I have a 4 year old, super skittish mare that I'm trying to get in harness slowly...very very slowly. While she's taken everything well considering she's scared of her own shadow...Except the bit. She's 1. a tongue roller and 2 she LOVES to get her tongue over the bit then gag herself with it! I started her in a regular half cheek broken snaffle and switched to a french link snaffle, then a myler with the broken part covered with a roller so it's more solid then the others. Anyway so far switching bits hasn't worked, I've tightened the her cavesson and tried to work her up into using the bit. I've worked her with just the bit in her mouth and did groundwork with it just there so she could play with it. I'm at a loss, any ideas. I want to show her so NOT using a bit is outta the question...


----------



## Country Girl (Jan 11, 2011)

kay, so I am no driving expert, nor do I know much about it... but when it comes to some bitting issues, I know my stuff... by the sounds of things you are still in the training stages so the snaffle Im thinking that could help you will work, and I also believe you can show in it!  

The bit is a full check snaffle with keys. The keys are used for horses that like to get their tongue over the bit or stick it out. The keys make it hard for the horse to put their tongue over it and something to play with in a postive manner... I know of a driving trainer - who is also a personal friend - who swears by theses bits for horses with your problem... and its extremely soft!!! 











Hopes this helps!


----------



## churumbeque (Dec 20, 2009)

Do not crank down the caveson. She is uncomfortable and it is stressfull to not be able to get your mouth open. 

I started with a rubber mullen mouth so it os soft and has tongue relief. Curb and tongue roller sounds too harsh for a young horse. I leave my bridle on with no reins in the stall for a few hours a day and they get much more comfortable and used to it. That has helped my horse from trying to get her tingue over it. Make sure it is up high enough also.


----------



## Adenfire (Dec 2, 2010)

She has been stalled with the bridle and such for a few hours a day, that's how i start all mine. She currently doesn't have the caveson anymore just because i have it on another harness. She's comfortable with everything now it's just like she plays with it to the point where she gets her tongue over it and gets stuck. I do have her in a snaffle, it's got a roller on the broken part so that it doesn't nutcracker but it still bends. 

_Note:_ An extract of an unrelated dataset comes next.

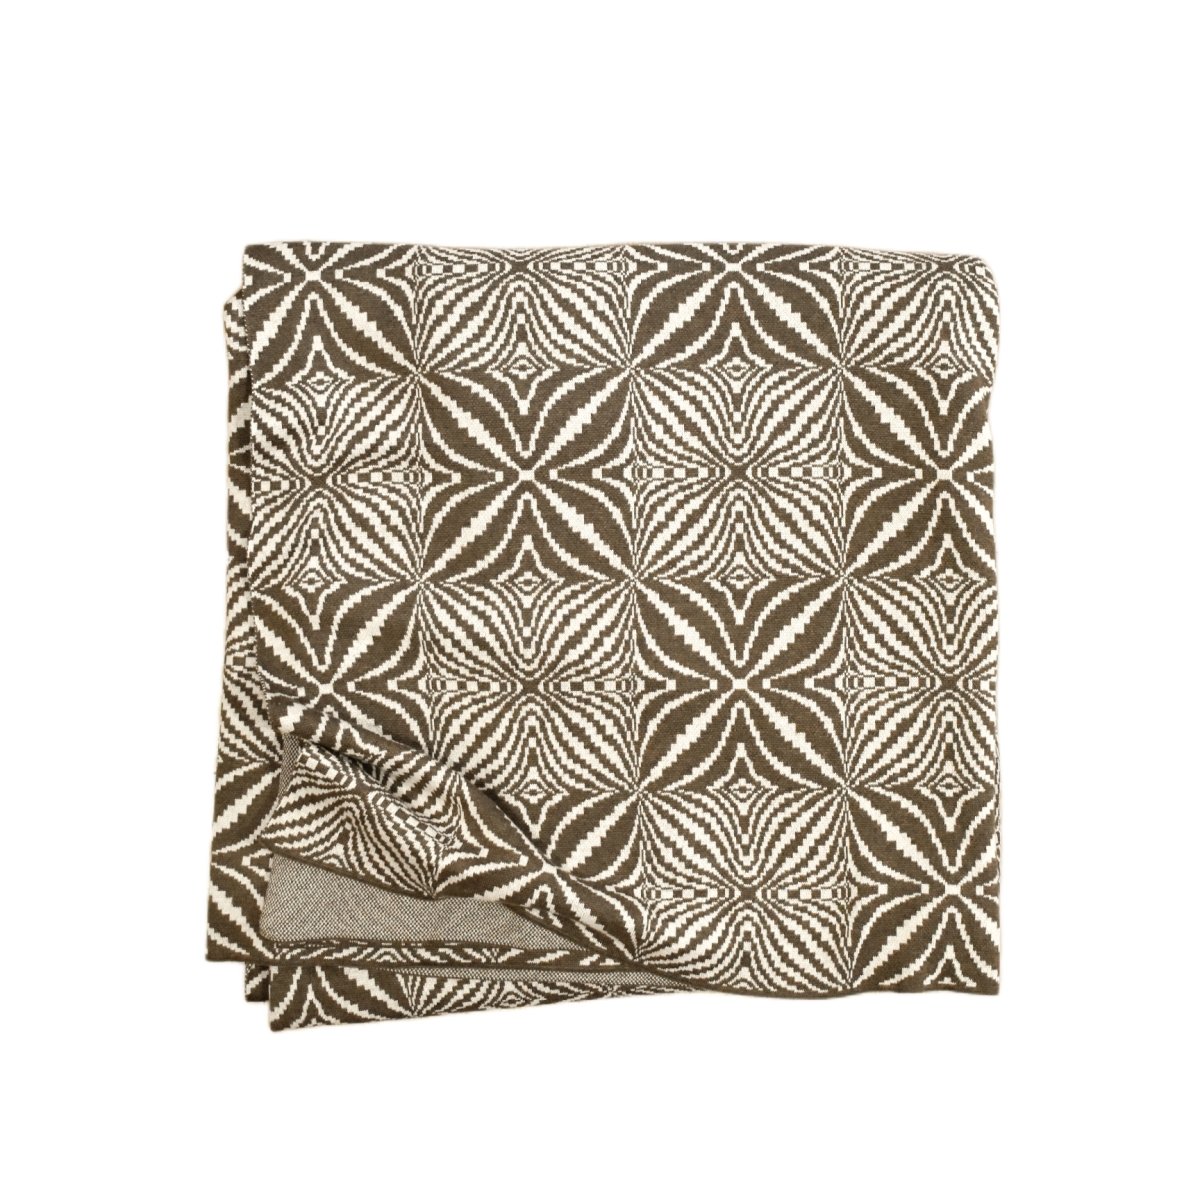 Bow Knot Check Blanket - Brown - SpaceHavenHome

Country girl: do you know what this bit is actually called? and GOSH i have no idea if i can find that in mini size


----------



## wild_spot (Jan 30, 2008)

How thick is the snaffle? I would switch to a thinner bit with a small port and make sure it is adjusted fairly high in the mouth. 

I had a horse who put his tongue over the bit, and we put him in a ported kimberwick adjusted fairly high and it stopped him. He used to cut his mouth up horribly when he put his tongue over the bit. 

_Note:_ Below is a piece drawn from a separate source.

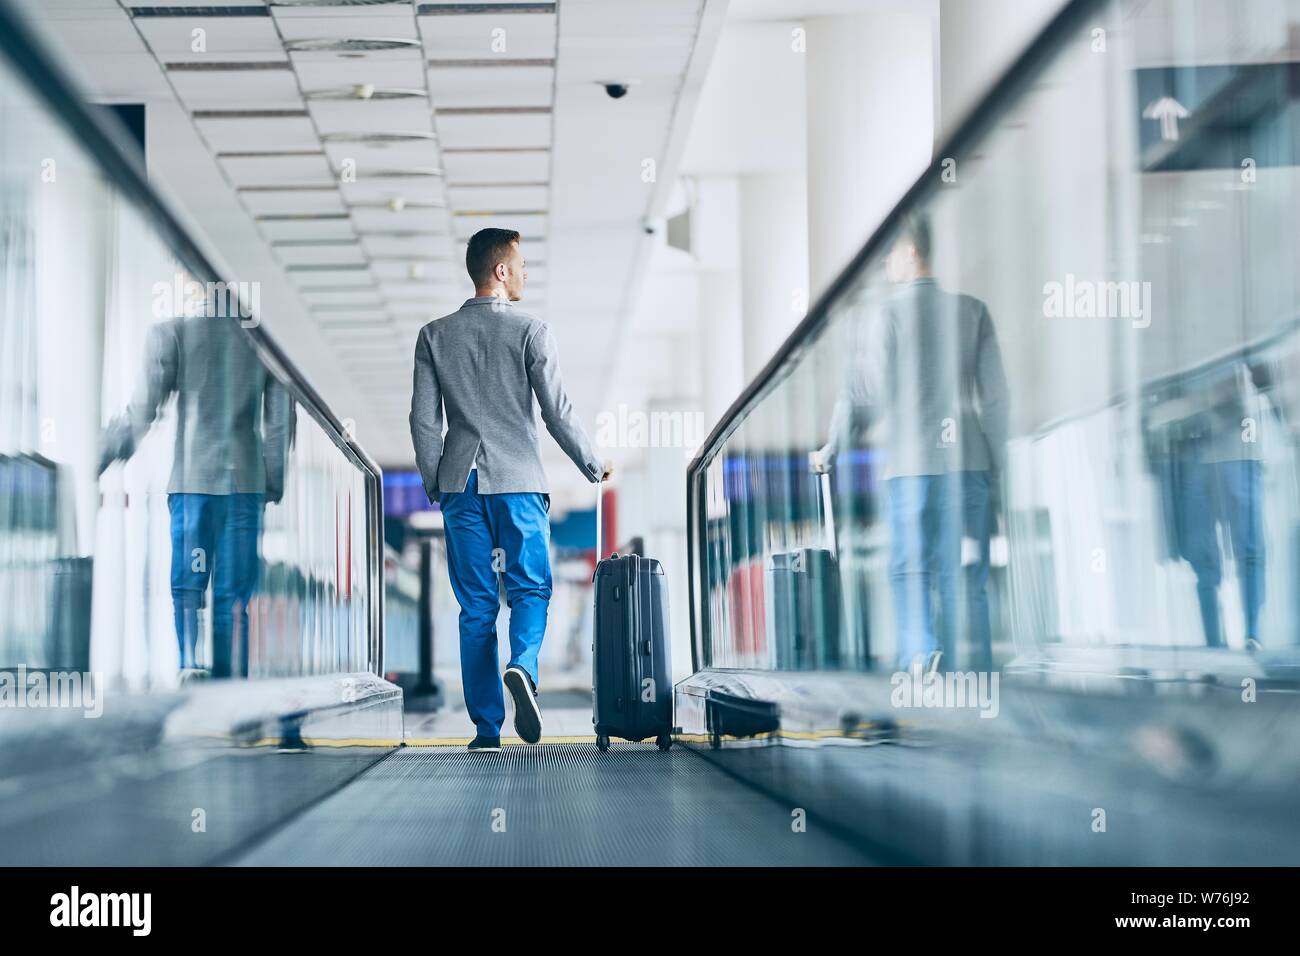 Well dressed young man travel by airplane. Businessman with luggage walking on travelator at airport. Stock Photo

You can also buy a little rubber tongue to attach to the bit that lays up the tongue, preventing it from going over. However my boy just chewed those to pieces, lol.


----------



## Adenfire (Dec 2, 2010)

It's relatively thin. I'm liking these Tongue things...they're interesting...now to find one that fits in the mini's mouth...THAT is the real issue 

BTW: I'm getting her teeth done the first week of Feb. so we'll see if that helps AT ALL


----------